More importantly, the drag on business from increased legal and other costs due to the risk of incurring scheme liability would have hurt all investors.
Posted by: John Carney | January 15, 2008 12:12 PM
No, it would say "Court Rules Against Students"
Posted by: hed | January 15, 2008 12:19 PM
Equally misleading. Court would be ruling for some perspective students and against others.
Posted by: John Carney | January 15, 2008 12:29 PM
Carney,
Thank you for the post -- very informative.
Knowing that you are a) a lawyer by training, b) have a great grasp of economics, etc., and c) like to party, I'd certainly welcome more of your digests of the legal opinions concerning the industry.

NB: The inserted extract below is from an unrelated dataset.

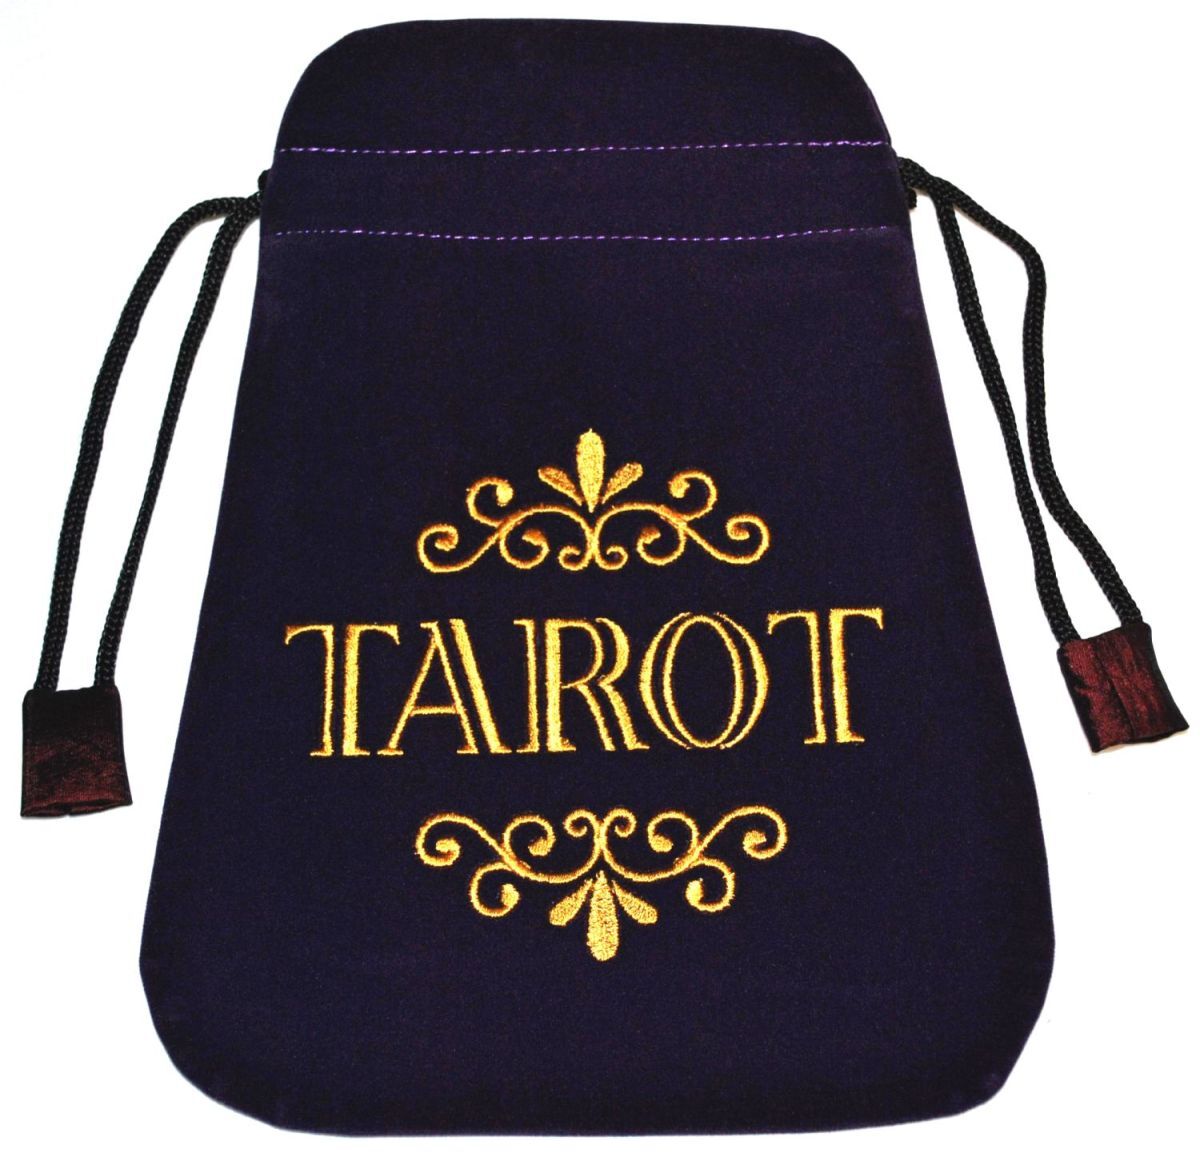 

Мешочек для карт Таро "Tarot"

Posted by: Anonymous | January 15, 2008 12:31 PM
look, your objection aside it is obvious that the media is doing just what john says. turn on your tv right now. cnbc : "Supreme Ct Ruling Win For Business"
for a certain business? no. they are unambiguously saying that this represents a finding for the interests of businesses in general of that of investors in general
Posted by: Anonymous | January 15, 2008 12:37 PM
look, your objection aside it is obvious that the media is doing just what john says. turn on your tv right now. cnbc : "Supreme Ct Ruling Win For Business"

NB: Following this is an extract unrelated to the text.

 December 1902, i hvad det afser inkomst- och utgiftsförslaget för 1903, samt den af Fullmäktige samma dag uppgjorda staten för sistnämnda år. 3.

for a certain business? no. they are unambiguously saying that this represents a finding for the interests of businesses in general of that of investors in general
Posted by: s75 | January 15, 2008 12:38 PM
perspective students? Was this the Optometrist University?

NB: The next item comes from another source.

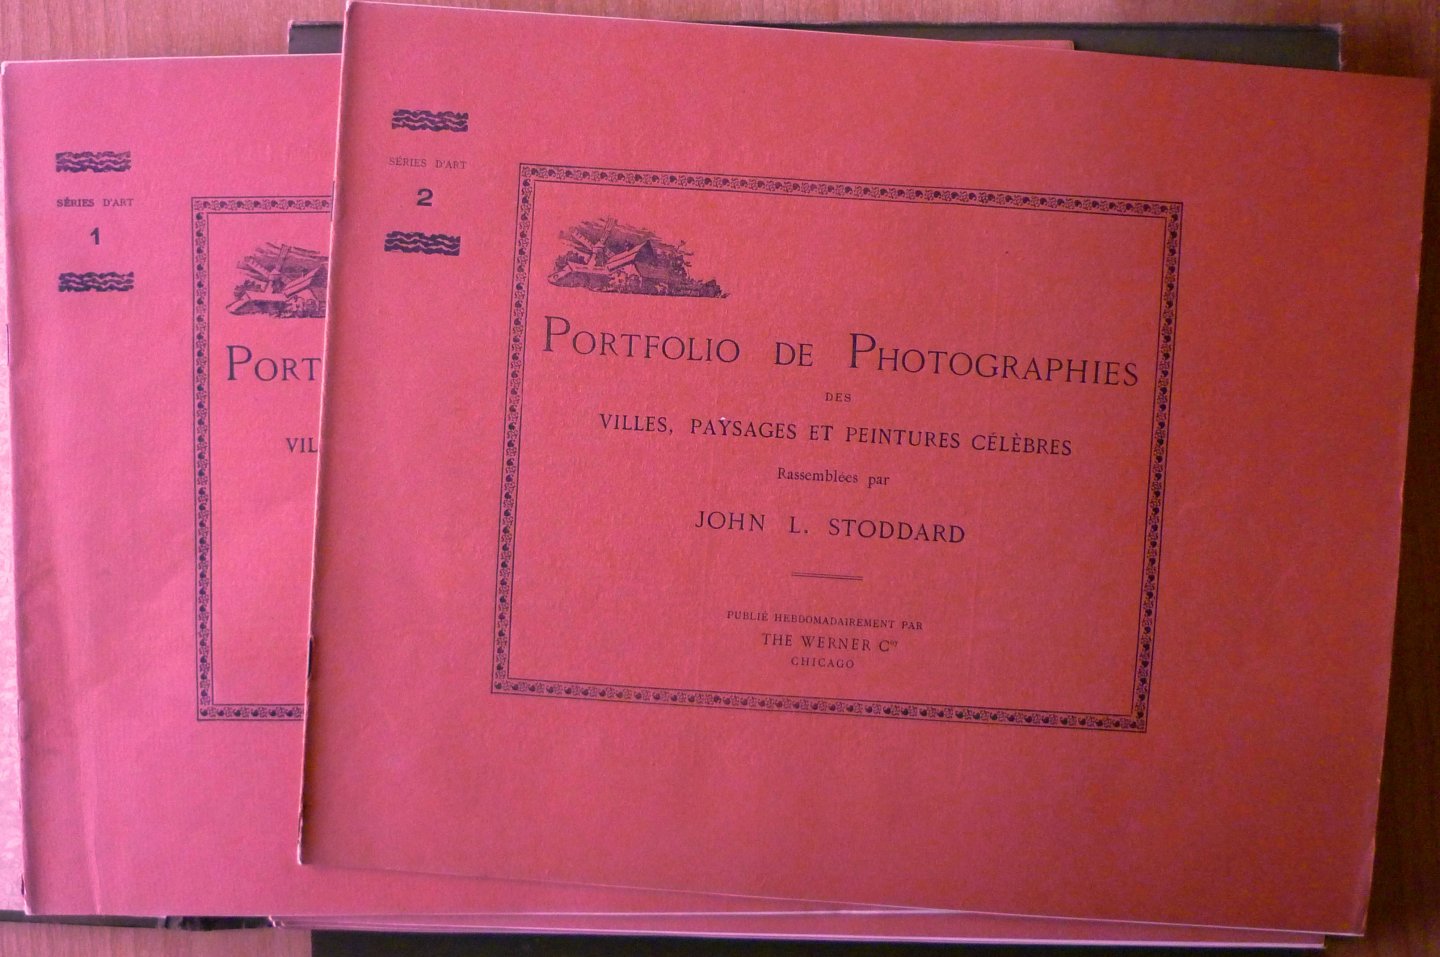 Stoddard, John L. - Portfolio de Photographies des villes, paysages et peintures célèbres

Posted by: Man With No Life | January 15, 2008 01:13 PM
LONG LIVE CARNEY!!!
Btw, when is your next appearance on CNBC?
Posted by: Anonymous | January 15, 2008 01:13 PM
This seems to be a TANGIBLE loss for investors as a whole--monetarily or what have you. To say that the court rules against investors is not necessarily wrong. It's investors that took the case to court, it's investors that loss. It's pretty straight foward on that count.
Posted by: Anonymous | January 15, 2008 02:02 PM
I should be unsurprised by your inability to spot a metaphor John. This after all is the same person capable of divining business purposes for a company's moving non-performing assets and associated liabilities to shell entities with implicit or explicit repurchase agreements and/or other recourse to shareholder equity. Even when the business isn't a confidence scheme.
Indeed, the extent of your expertise has been well documented on this blog. Now go home and get your shine box.
Posted by: One synapse clapping | January 15, 2008 02:04 PM
Leave the the legal analysis to abovethelaw Carney, your knee-jerk Republican talking point adds nothing to the coverage.
Posted by: Lawyer | January 15, 2008 02:11 PM
"This would have made investment bankers, accountants law firms and suppliers liable for fraud committed by their public company clients." Carney, you complain about simplisitic headlines when this is as simplistic as it gets. Read the opinion--specifically, the facts. You'll see that Motorola and Scientific Atlananta knowingly and actively participated in Charter's fraudulent scheme.
Posted by: Anonymous | January 15, 2008 03:03 PM
"This would have made investment bankers, accountants law firms and suppliers liable for fraud committed by their public company clients." Carney, you complain about simplisitic headlines when this is as simplistic as it gets. Read the opinion--specifically, the facts. You'll see that Motorola and Scientific Atlananta knowingly and actively participated in Charter's fraudulent scheme. This included, among other things, creating phoney documents.
Posted by: Anonymous | January 15, 2008 03:05 PM
But was there any corn found in the deuceage?